La province du Maniema continue de subir une épidémie de rougeole. La Division provinciale de la Santé (DPS) a recensé une hausse du nombre de cas dans plusieurs zones de santé, passant de moins de 200 à plus de 800 cas au mois de juin. Depuis le début de l’année, la DPS a recensé 3 194 cas dont 67 décès. Les zones de santé les plus fortement touchées sont Kibombo, Salamabila, Kailo, Kindu et Alunguli. La province fait face à un manque d’intrants et traitements pour y répondre de manière efficace. Une grève nationale du personnel soignant débutée le 9 juin a également eu un impact sur la situation. L’OMS, soutenue par MSF, prévoit de lancer une campagne de vaccincation dans six zones de santé en juillet.

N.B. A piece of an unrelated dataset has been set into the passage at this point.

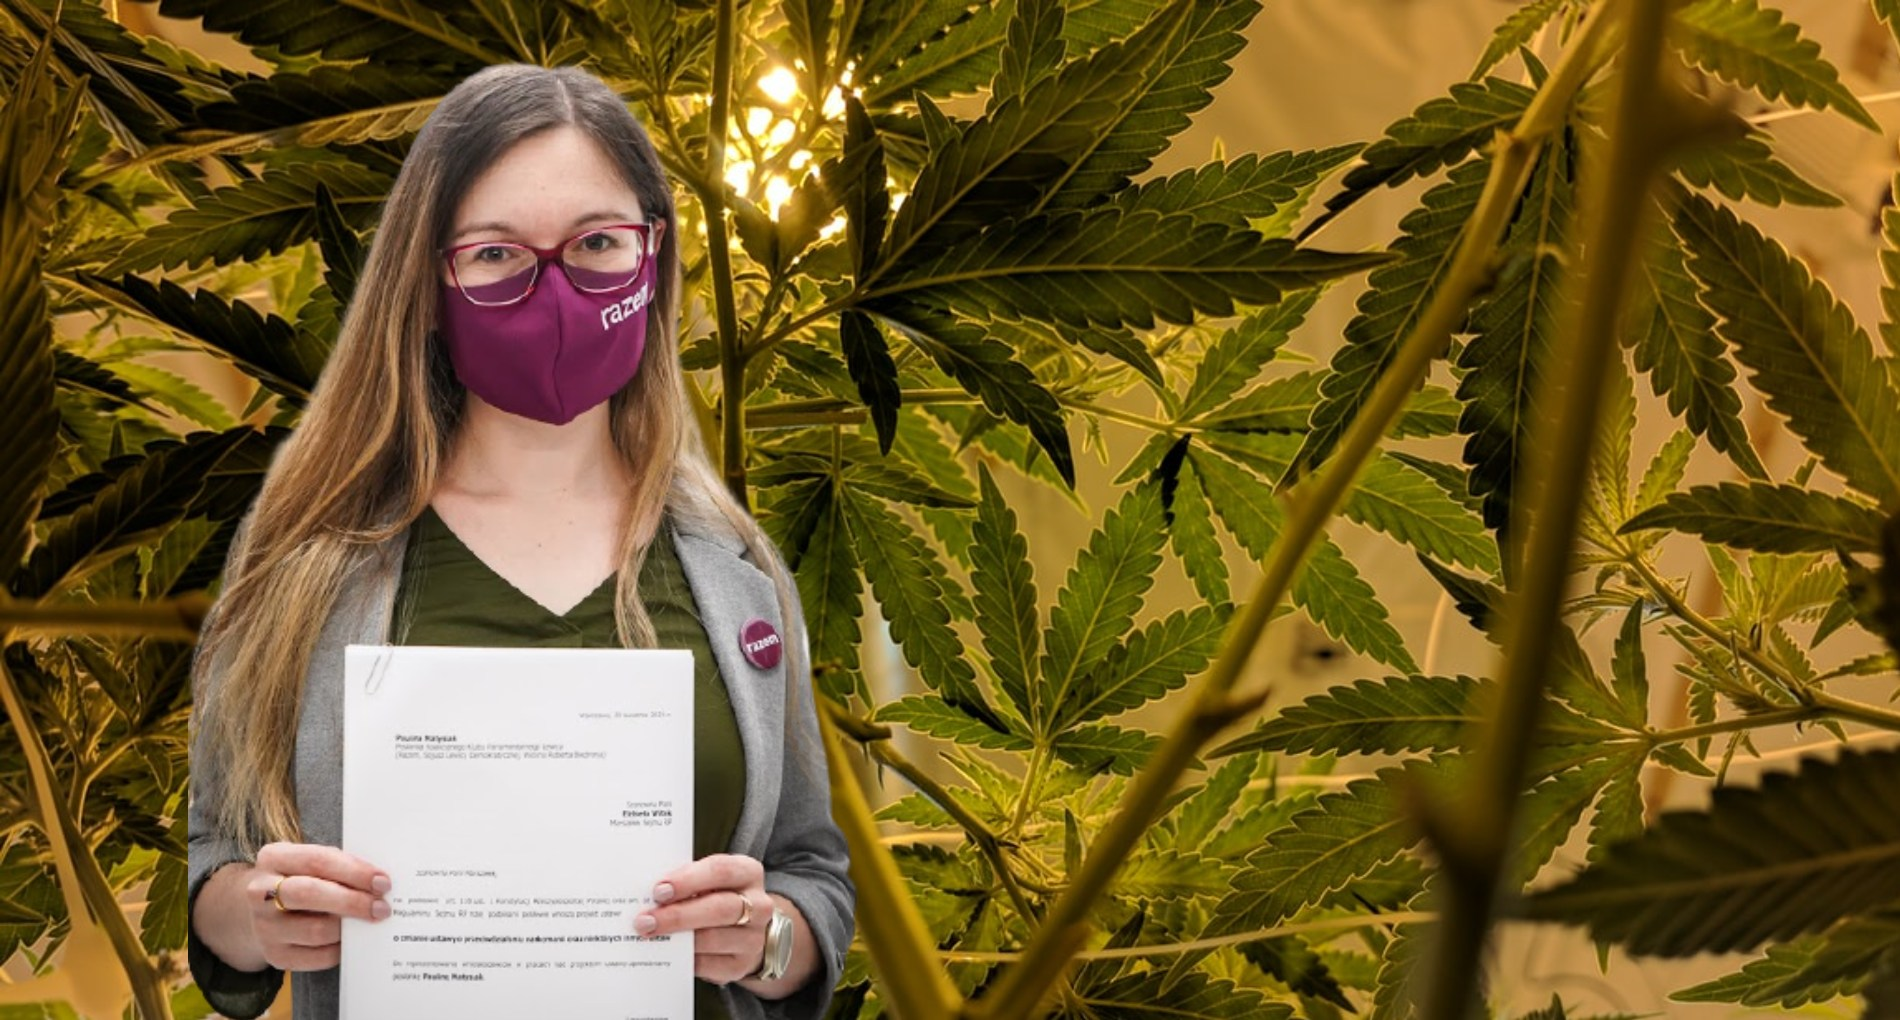 Brak kar zaskręta ilegalna uprawa wdomu.  Projekty ustaw dot. marihuany wSejmie

Dans la zone de santé de Salamabila, l’une des premières conséquences du conflit lié à l’exploitation minière est la floraison d’acteurs armés dont la présence favorise l’augmentation de la vulnérabilité des populations, notamment la hausse des cas de viol et d’autres formes de violences sexuelles. Les routes qui mènent aux champs et les champs eux-mêmes sont les lieux de prédilection des agresseurs. Durant les six derniers mois, 726 cas de violences sexuelles ont été enregistrés par le Bureau central de la zone de santé.